Could you restate word for word every line from the one containing "handmade baby girl" to the end of the data below, pictures excluded?

Material provided section start

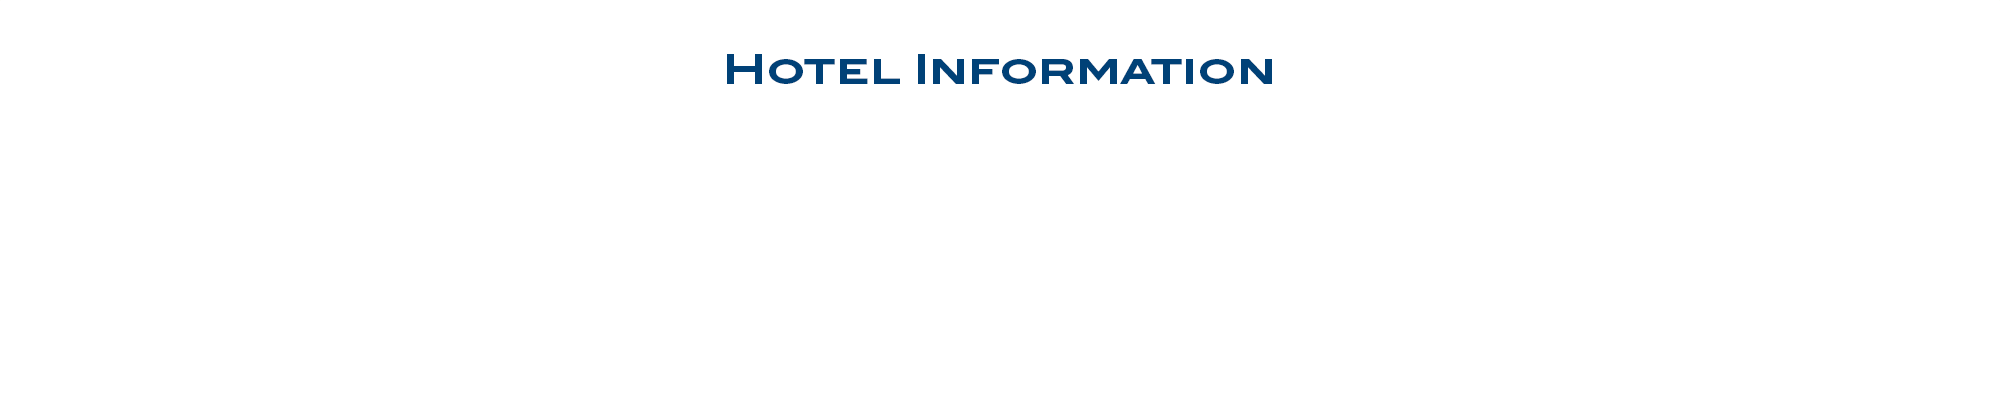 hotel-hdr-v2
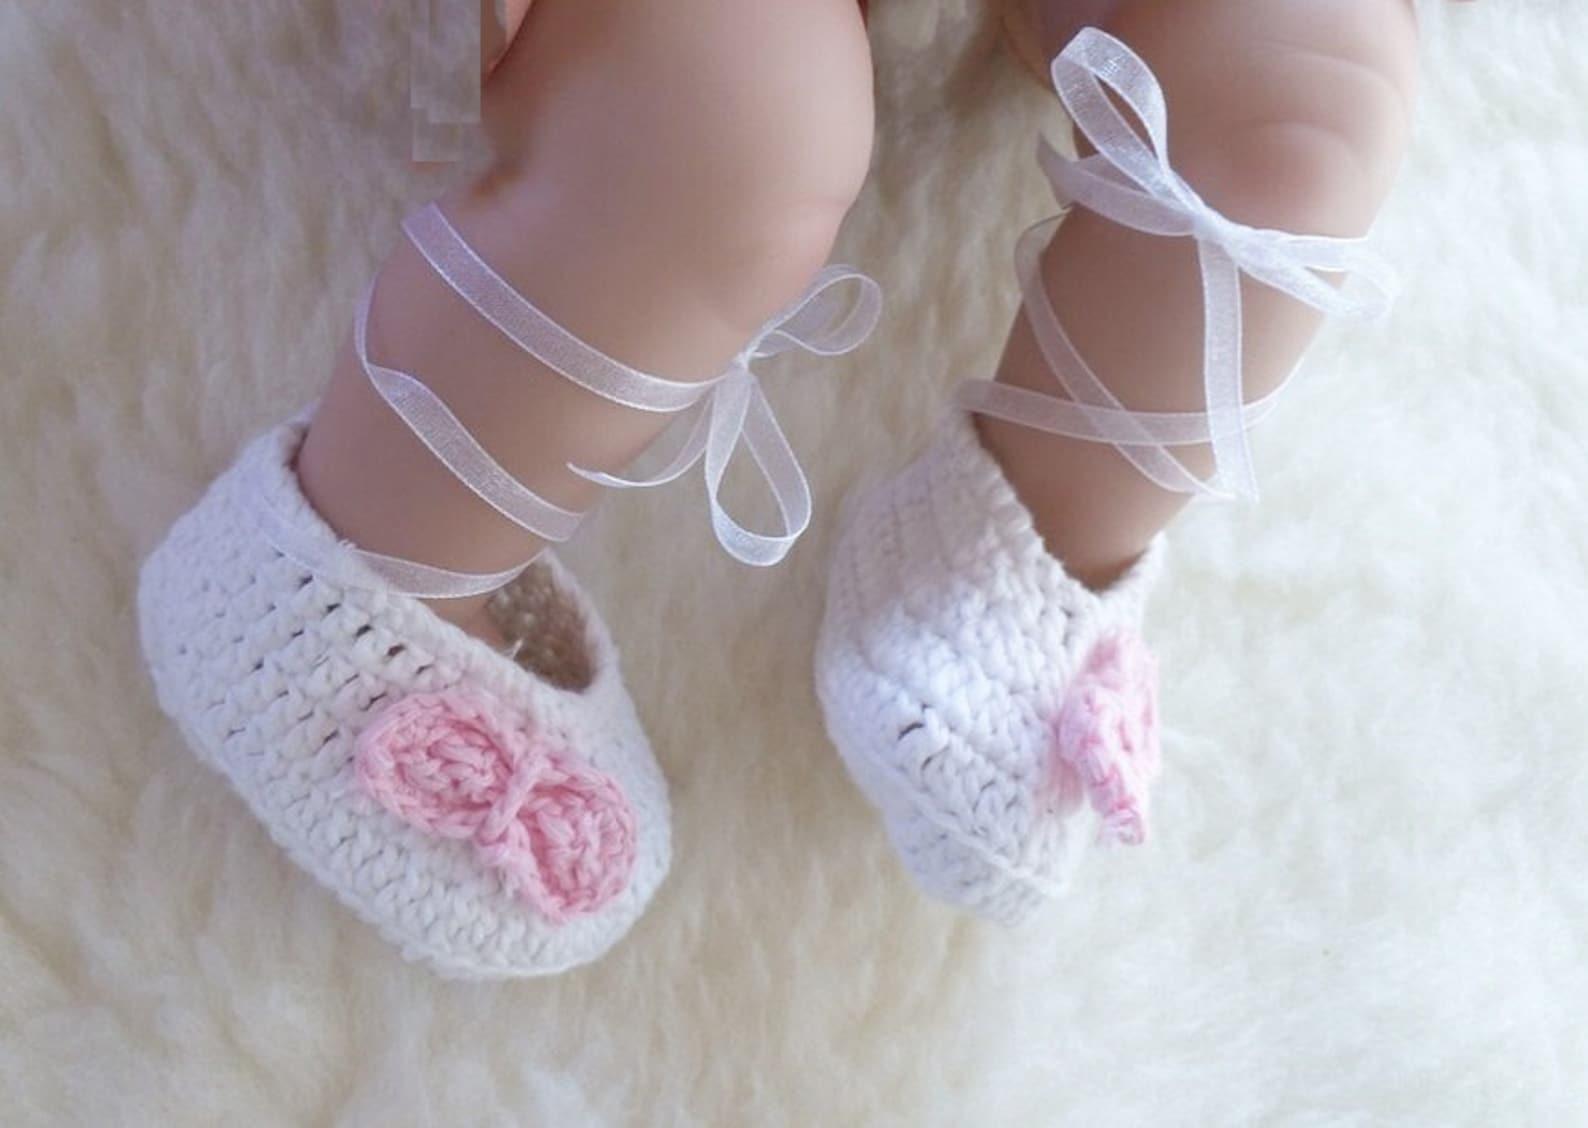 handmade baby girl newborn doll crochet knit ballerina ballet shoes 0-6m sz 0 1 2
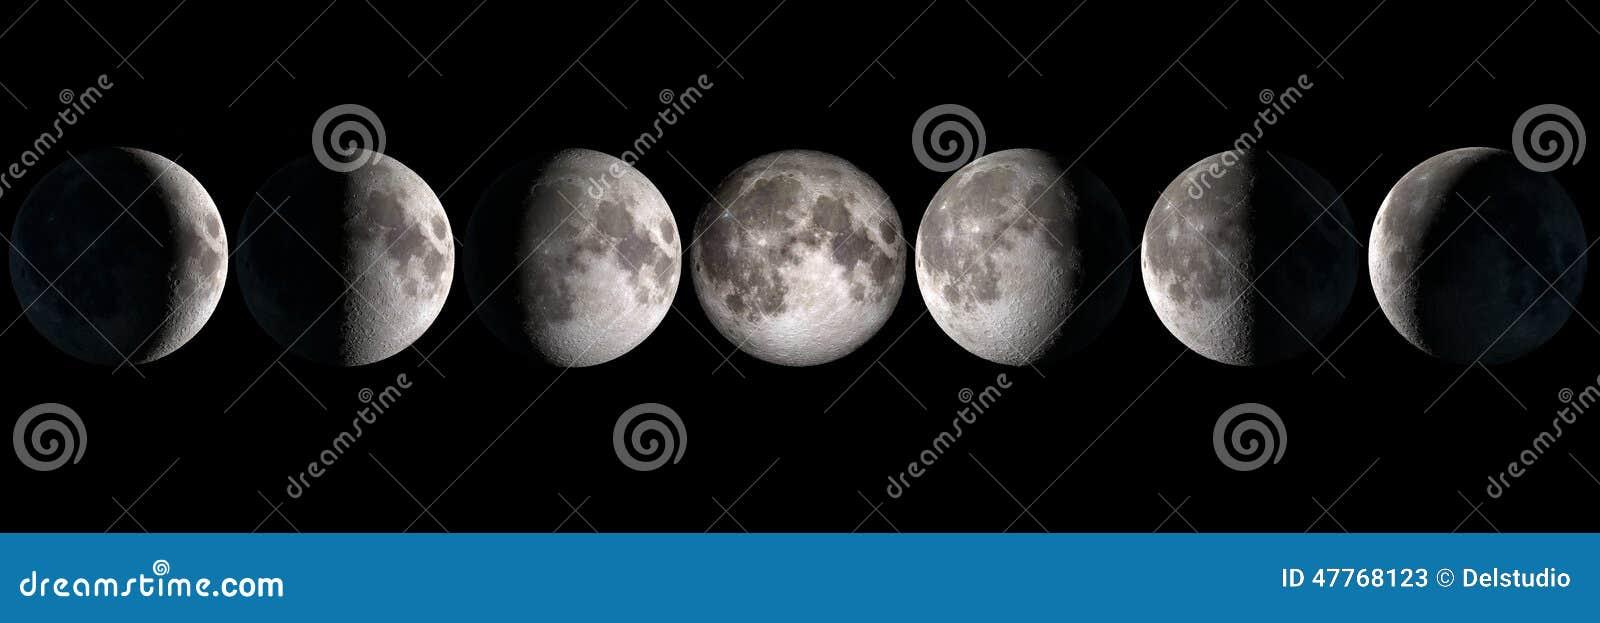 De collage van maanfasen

Material provided section end

Reply to the exercise:
 handmade baby girl newborn doll crochet knit ballerina ballet shoes 0-6m sz 0 1 2
 De collage van maanfasen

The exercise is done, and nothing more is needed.